Anyway, I just don't visit the Fractal site that often anymore, it reminds me of Amway over there. I will probably get the AX8 when my name comes up though, the products are top notch.


----------



## Guest (Feb 19, 2016)

pat6969 said:


> The waitlist was one reason for sure. I've also read some questionable things about Cliff and how he likes to downtalk everything that isn't Fractal. Just seems in poor taste.


My experience with Cliff, directly, is that he's honest about anything you talk to him about. That includes competitor's gear when it's both better and worse than his own company's offerings. That kind of directness isn't common or for everyone.

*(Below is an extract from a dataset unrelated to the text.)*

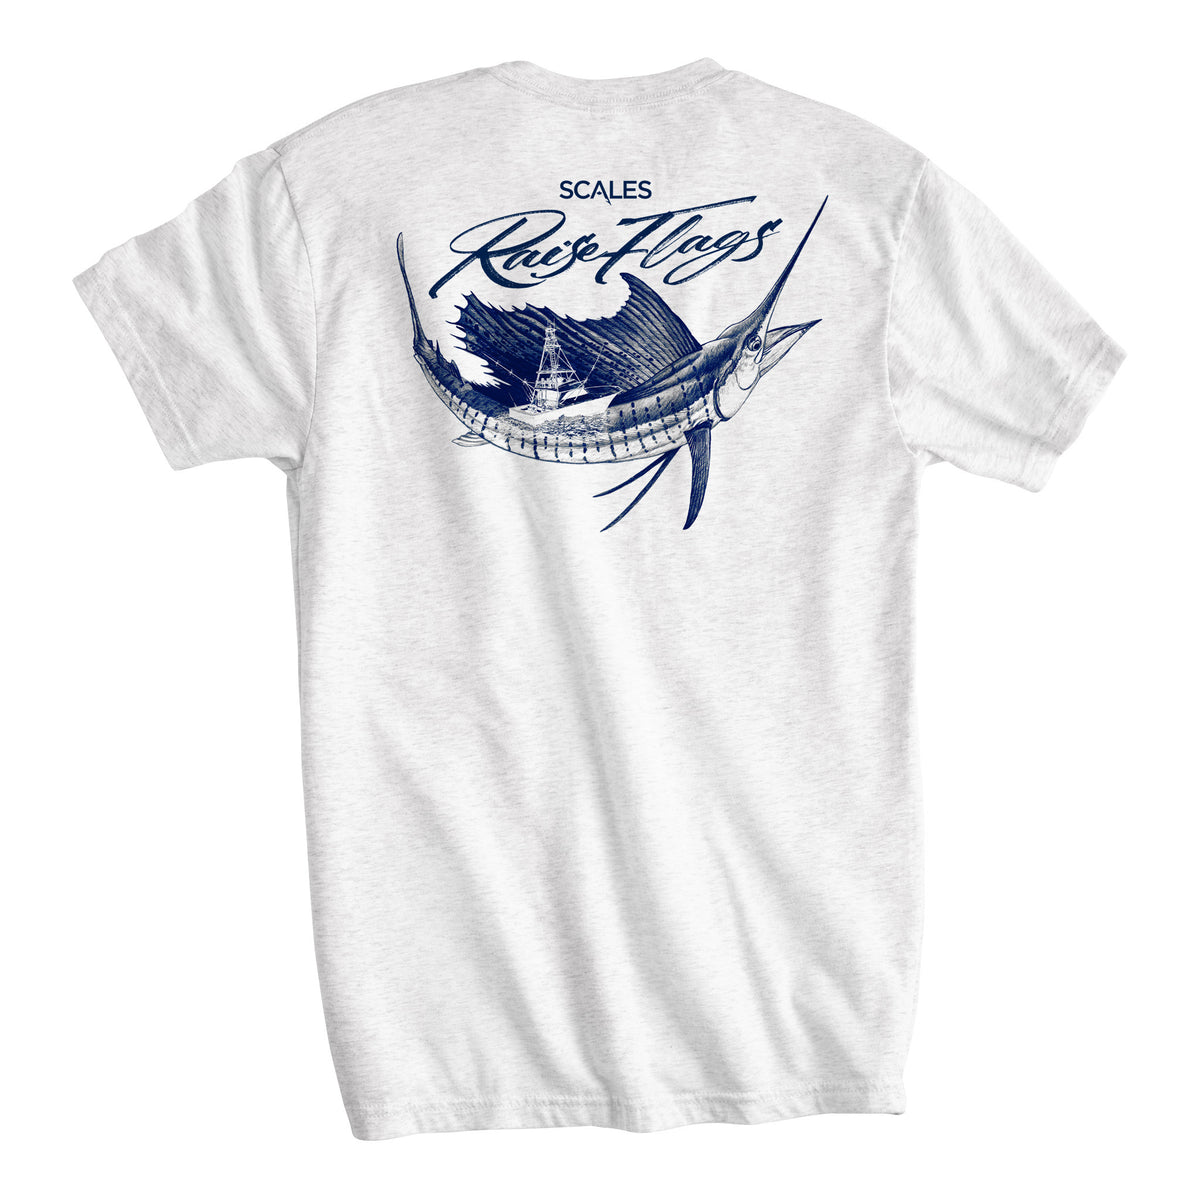 SCALES Popping Sails Premium Short Sleeve Tee

Back to Fractal gear: I've been using the AX8 at rehearsals for the past few weeks and I'm really falling in love with the switch setup on it. The ability to do X/Y switching on blocks with it is fantastic and incredibly powerful and I want a controller for my AFII now that does it as well.


----------



## pat6969 (Feb 4, 2013)

iaresee said:


> Back to Fractal gear: I've been using the AX8 at rehearsals for the past few weeks and I'm really falling in love with the switch setup on it. The ability to do X/Y switching on blocks with it is fantastic and incredibly powerful and I want a controller for my AFII now that does it as well.


That's good to know. I won't be replacing my Kemper any time soon but I'd sure like a decent floor based unit so I don't have to lug so much stuff around, the Helix didn't do it for me.


----------



## Stefano (Aug 31, 2009)

FWIW, I've been a fractal user since 2009, I've had both the AX8 along side my axefx2 for a few weeks and they sound very very close even though they are 2 different firmwares. Both sound fantastic. It took me a couple of weeks to reprogram my brain for the switches, I love the switch implimentation on the ax8.
The Ax8 will be used at gigs & rehearsals, the axe2 will stay in the crib.


----------



## hollowbody (Jan 15, 2008)

I've been thinking about converting to a Fractal unit for a couple of years now and now that I've taken a good, long look at the AX8, I'm pretty sure I'm going to pull the trigger on one this summer. I figure I can easily flip my pedalboard and pull out the cost of an AX8 and I'm just getting tired of lugging gear to and from rehearsals and shows. Can't wait to clear up enough room on my credit card to put myself on the waitlist!


----------



## Guest (Mar 1, 2016)

hollowbody said:


> I've been thinking about converting to a Fractal unit for a couple of years now and now that I've taken a good, long look at the AX8, I'm pretty sure I'm going to pull the trigger on one this summer. I figure I can easily flip my pedalboard and pull out the cost of an AX8 and I'm just getting tired of lugging gear to and from rehearsals and shows. Can't wait to clear up enough room on my credit card to put myself on the waitlist!


Just in case there's confusion: it costs nothing to get on the wait list and when your name comes up there's no obligation to buy. Given how back logged they are I'd say get on the list now. Worst case you say no and go to the back of the queue again.


----------



## hollowbody (Jan 15, 2008)

iaresee said:


> Just in case there's confusion: it costs nothing to get on the wait list and when your name comes up there's no obligation to buy. Given how back logged they are I'd say get on the list now. Worst case you say no and go to the back of the queue again.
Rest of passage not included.